Oh dear...
Jan. 14th, 2020 03:35 pmwww.theguardian.com/uk-news/2020/jan/14/revealed-uk-concealed-failure-to-alert-eu-over-75000-criminal-convictions
Oops. Now... who was Home Secretary when this happened?
As is I quote from the piece:
“Sophie in’t Veld, a Dutch MEP on the European parliament’s committee on civil liberties, justice and home affairs, told the Guardian there was a wealth of evidence that the UK could not be trusted.
“This is yet another scandal that casts a very dark shadow over security and law enforcement cooperation,” she said.
“After the revelations of deliberate abuse of the Schengen Information System, and earlier scandals like the hack of [the Belgian telecoms provider] Proximus by GCHQ, it is clear that the principle of ‘mutual trust’ will not work.
“This revelation of the failure to alert authorities on criminals and the cover up afterwards casts serious doubts on the UK as a reliable partner.

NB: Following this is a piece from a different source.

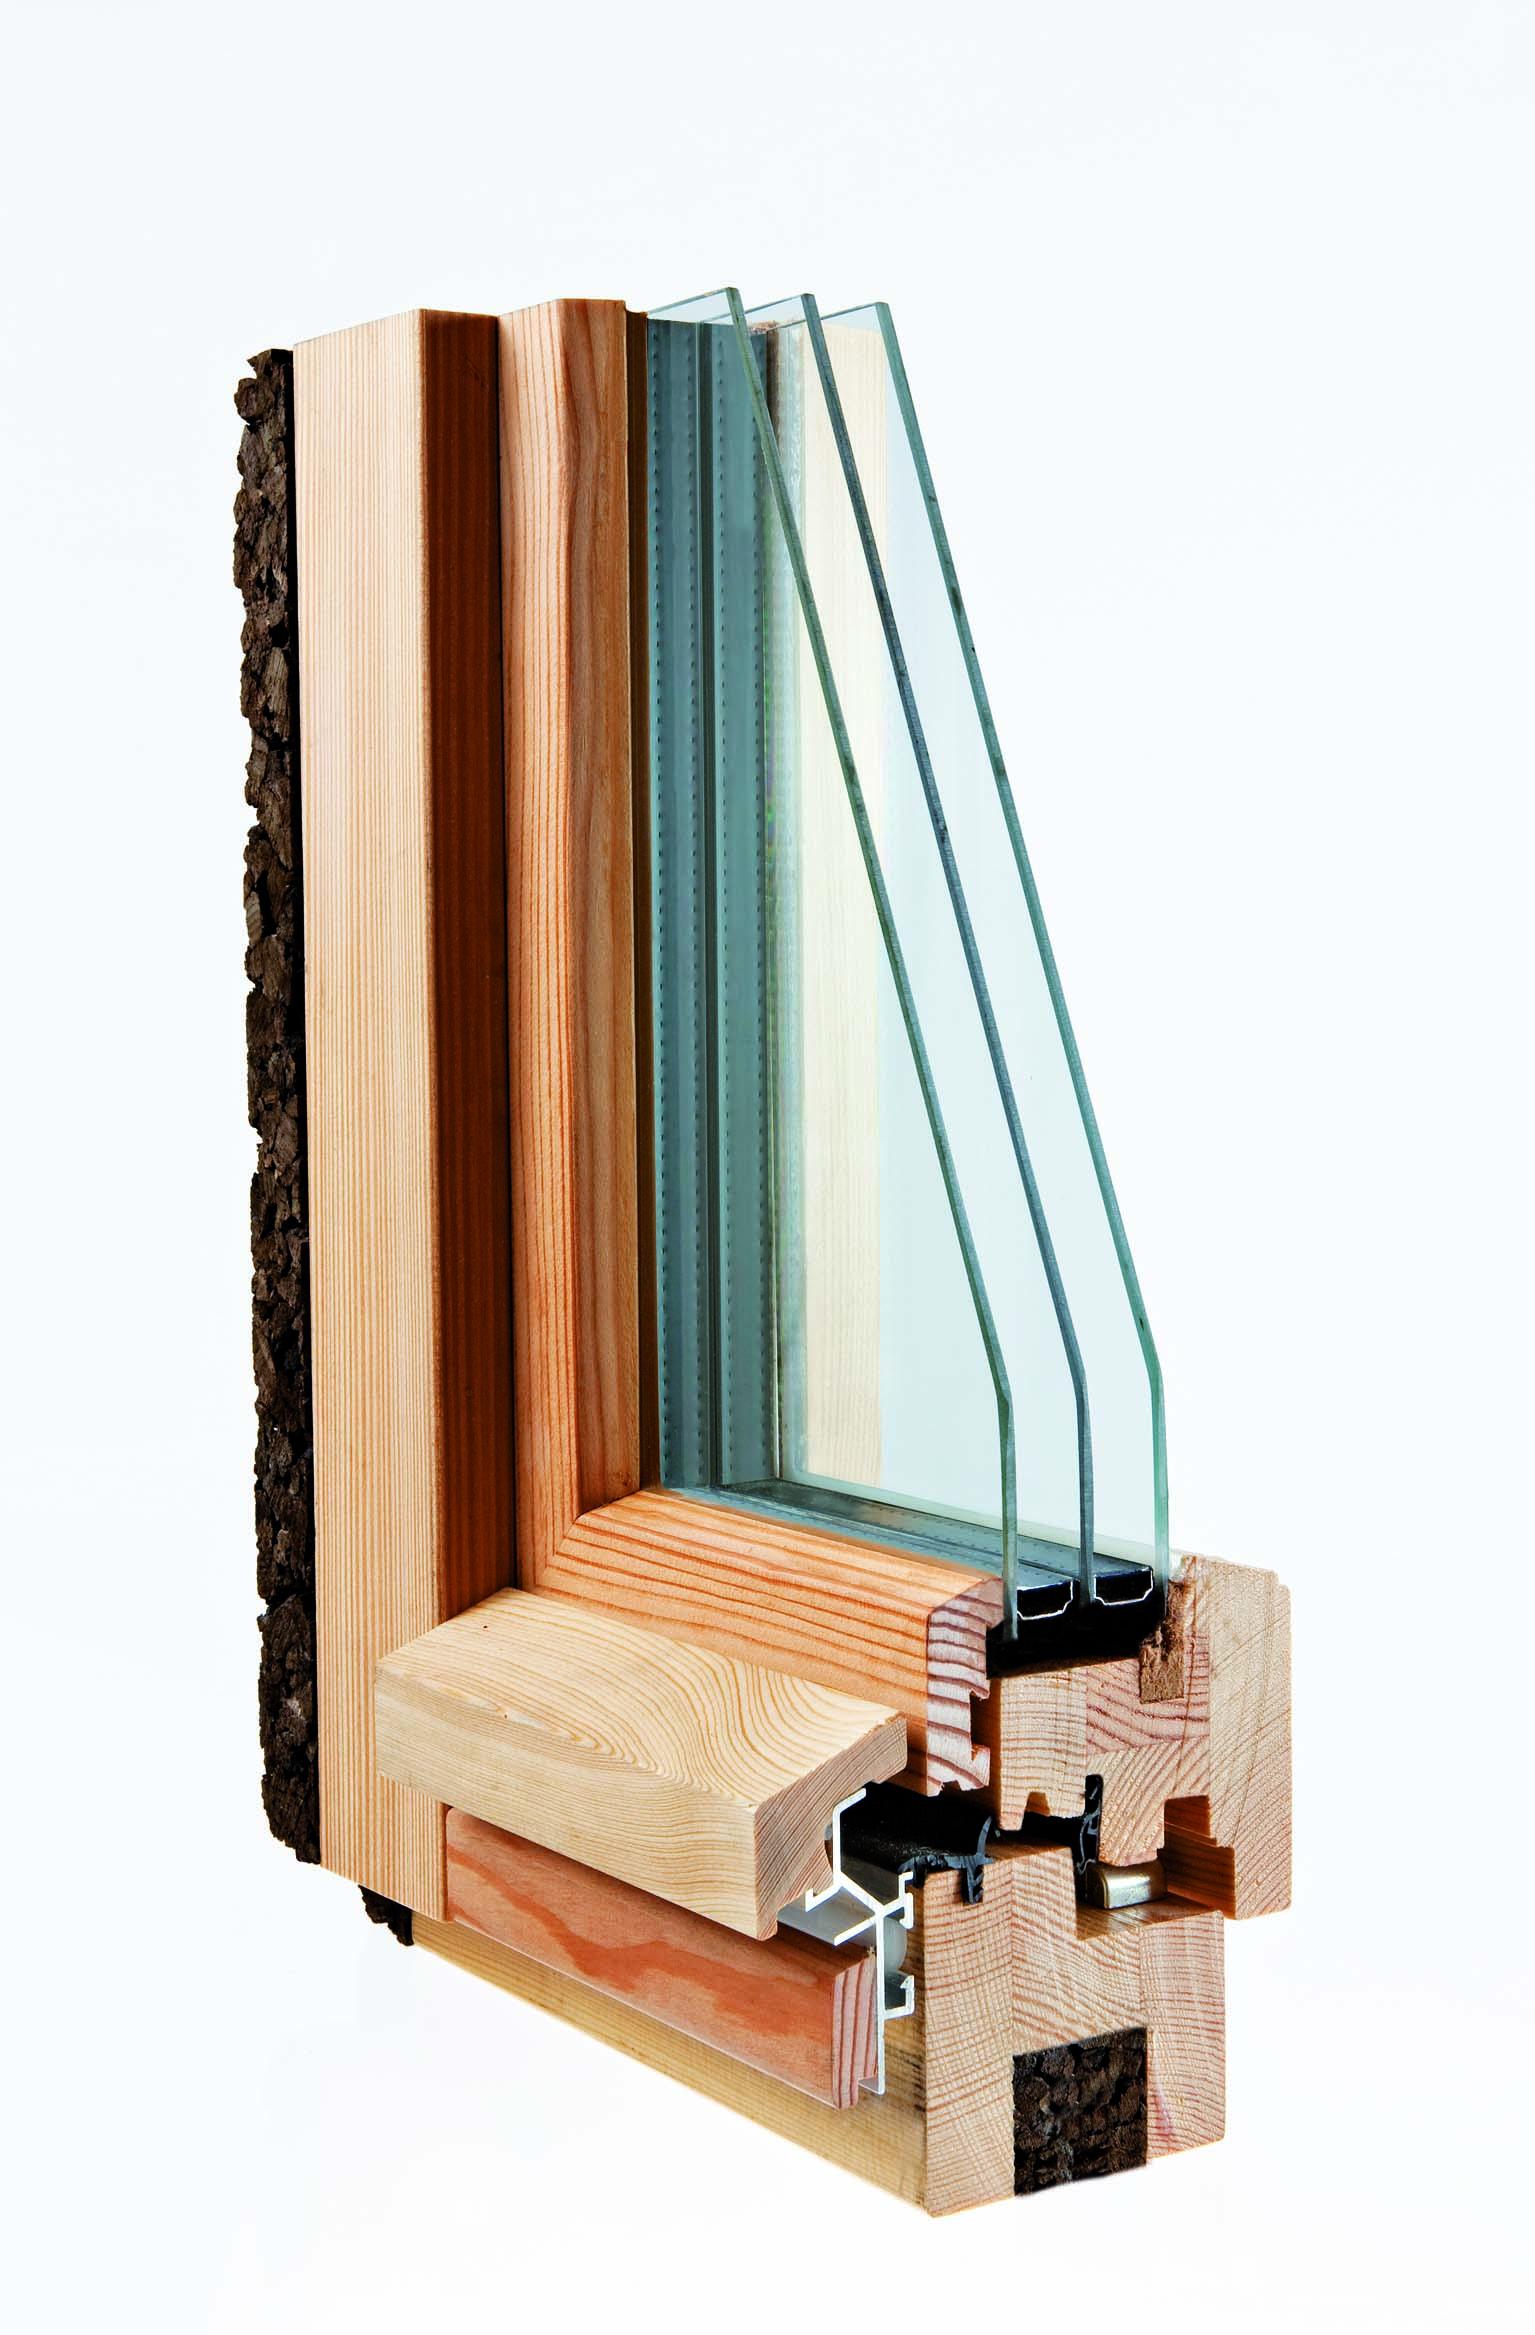 fenêtre passive en bois

“The purpose of information exchange is enhancing security. If one side fails to deliver, security gains are zero and cooperation pointless. The UK government has to consider very carefully how it intends to restore trust, bearing in mind negotiations have to be concluded by autumn of this year.”

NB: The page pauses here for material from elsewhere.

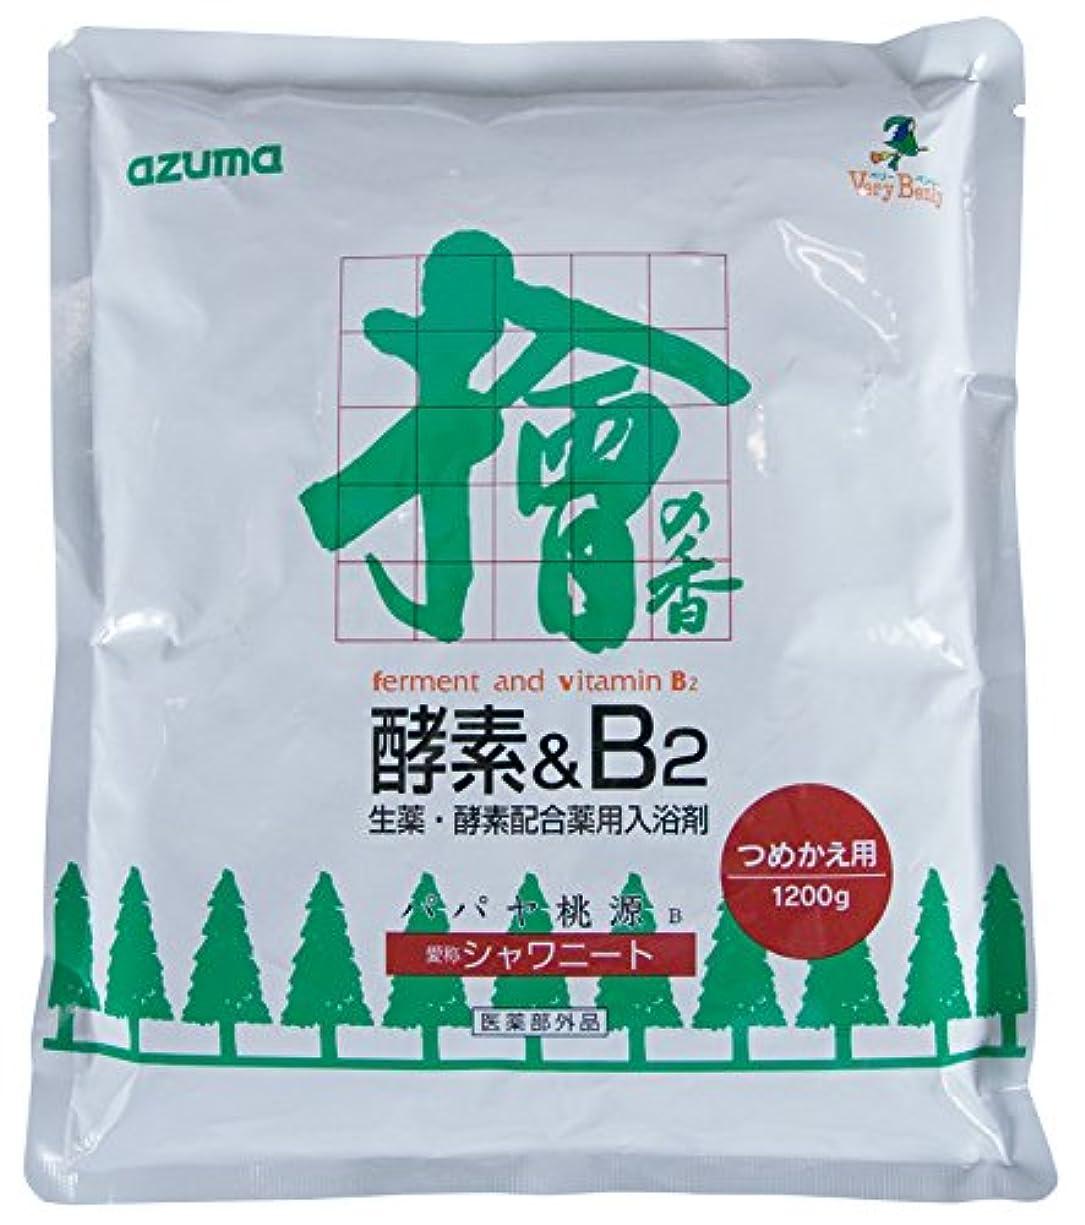 アズマ 『入浴剤』 生薬&酵素配合 TK ヒノキの香り シャワニート つめかえ用 1200g

Officials believe the failure to alert EU partners is down to the police national computer, a database containing information on millions of convicted criminals and their jail records.”

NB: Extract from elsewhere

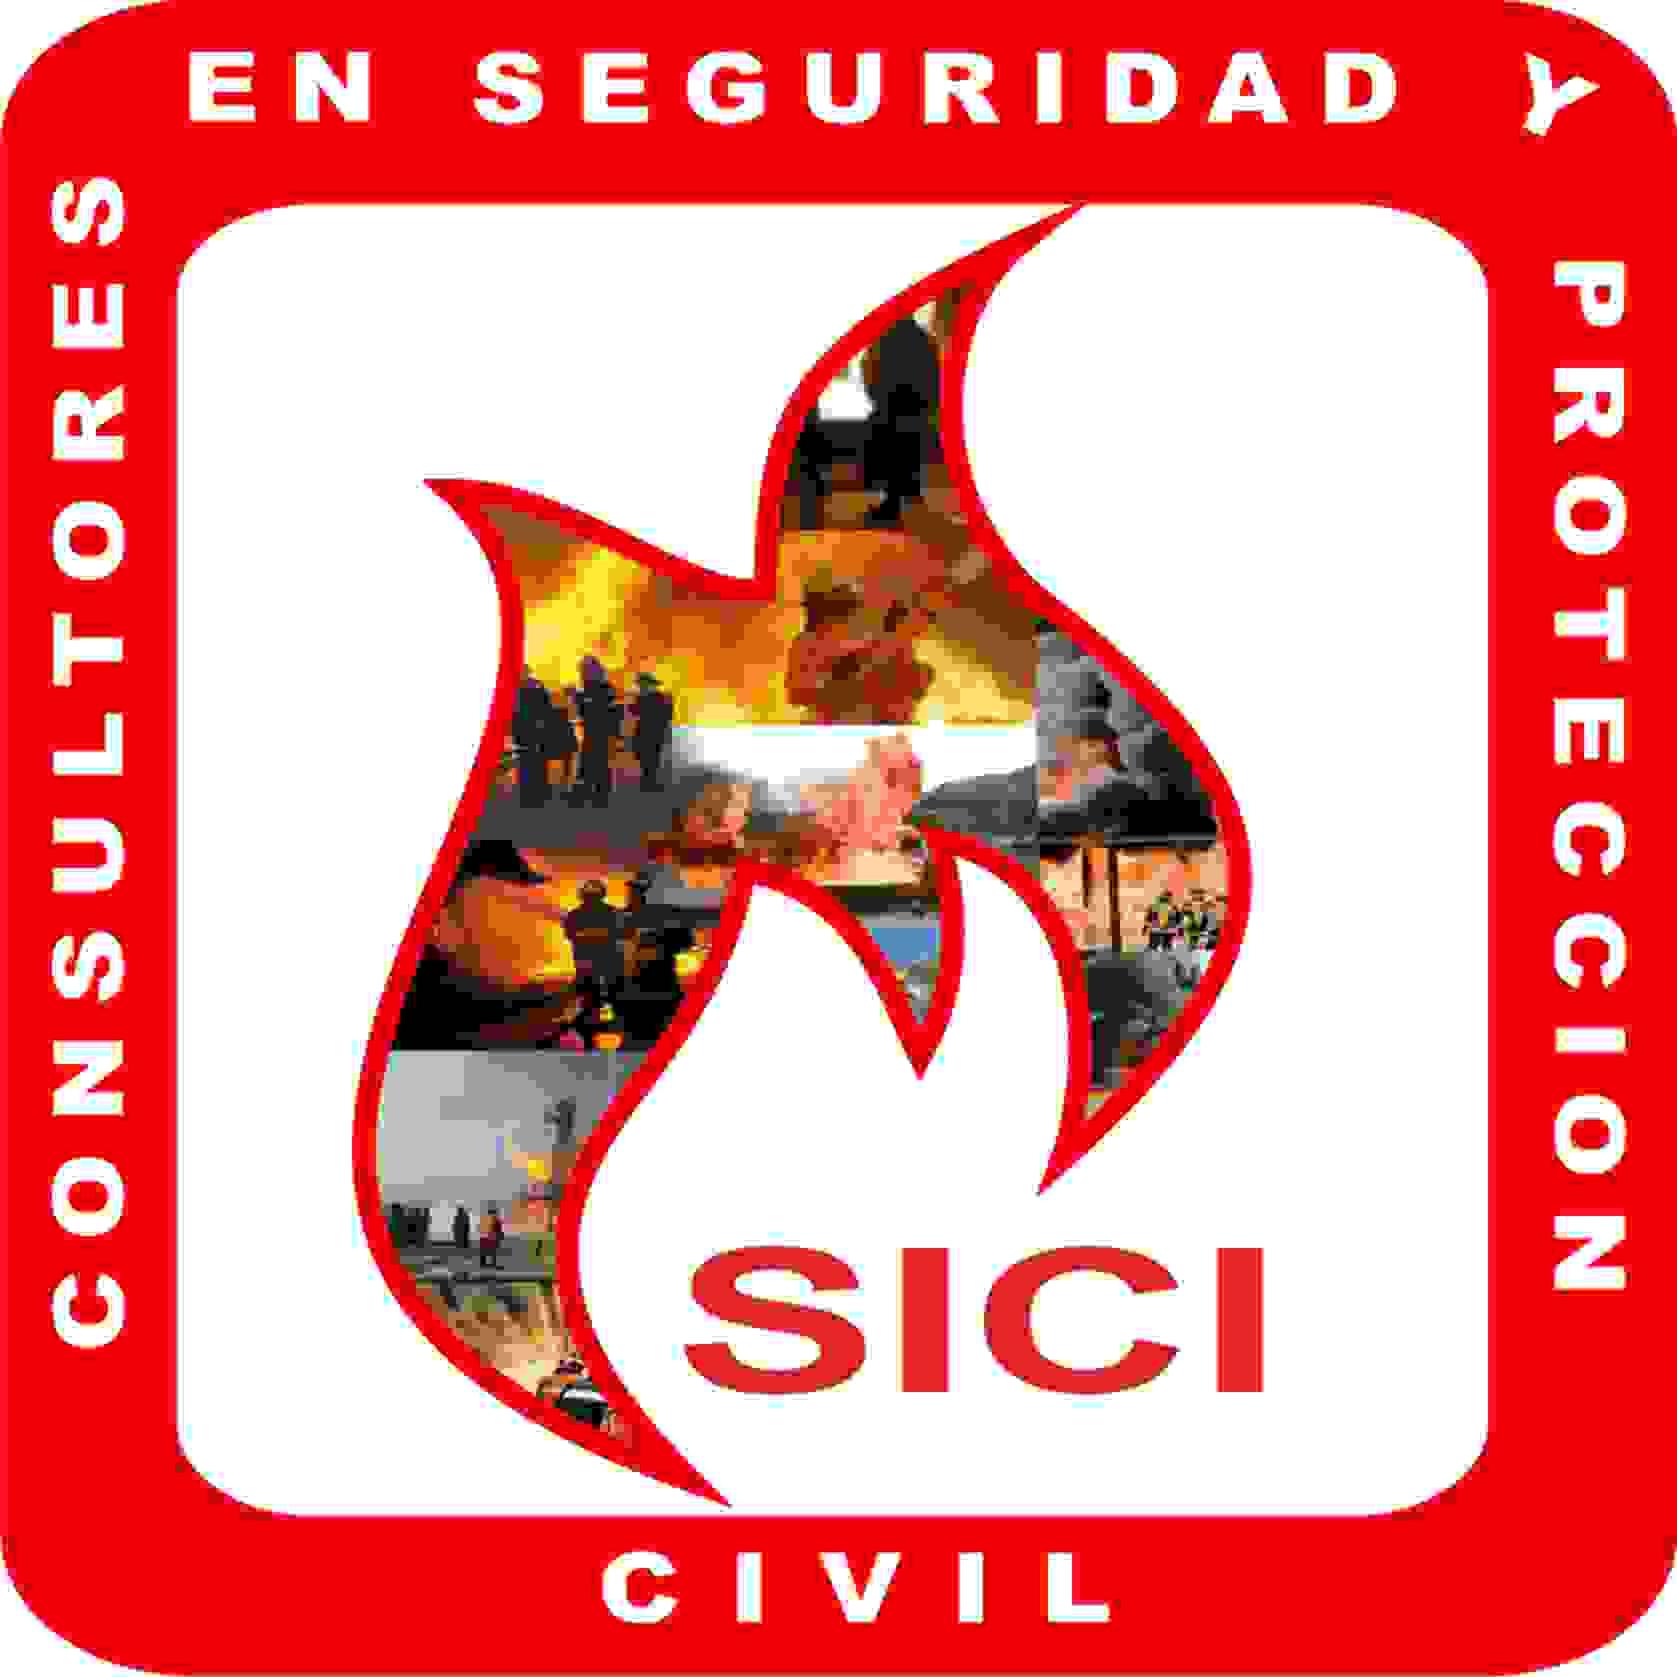 Sistemas integrados contra incendio cuernavaca - Sistemas de seguridad contra incendios ...

Dash it chaps, if we are going to go it alone we will still need allies. I guess Ms Patel will need to get together with Mr Raab to thrash out a sensible and unified response from both the HO and the FO. This is uncharted water, obvs; but it looks as if the FO and HO are going to have to work together a bit better from here on in. After all they are both promoting Britain’s interest to markets both internal and external.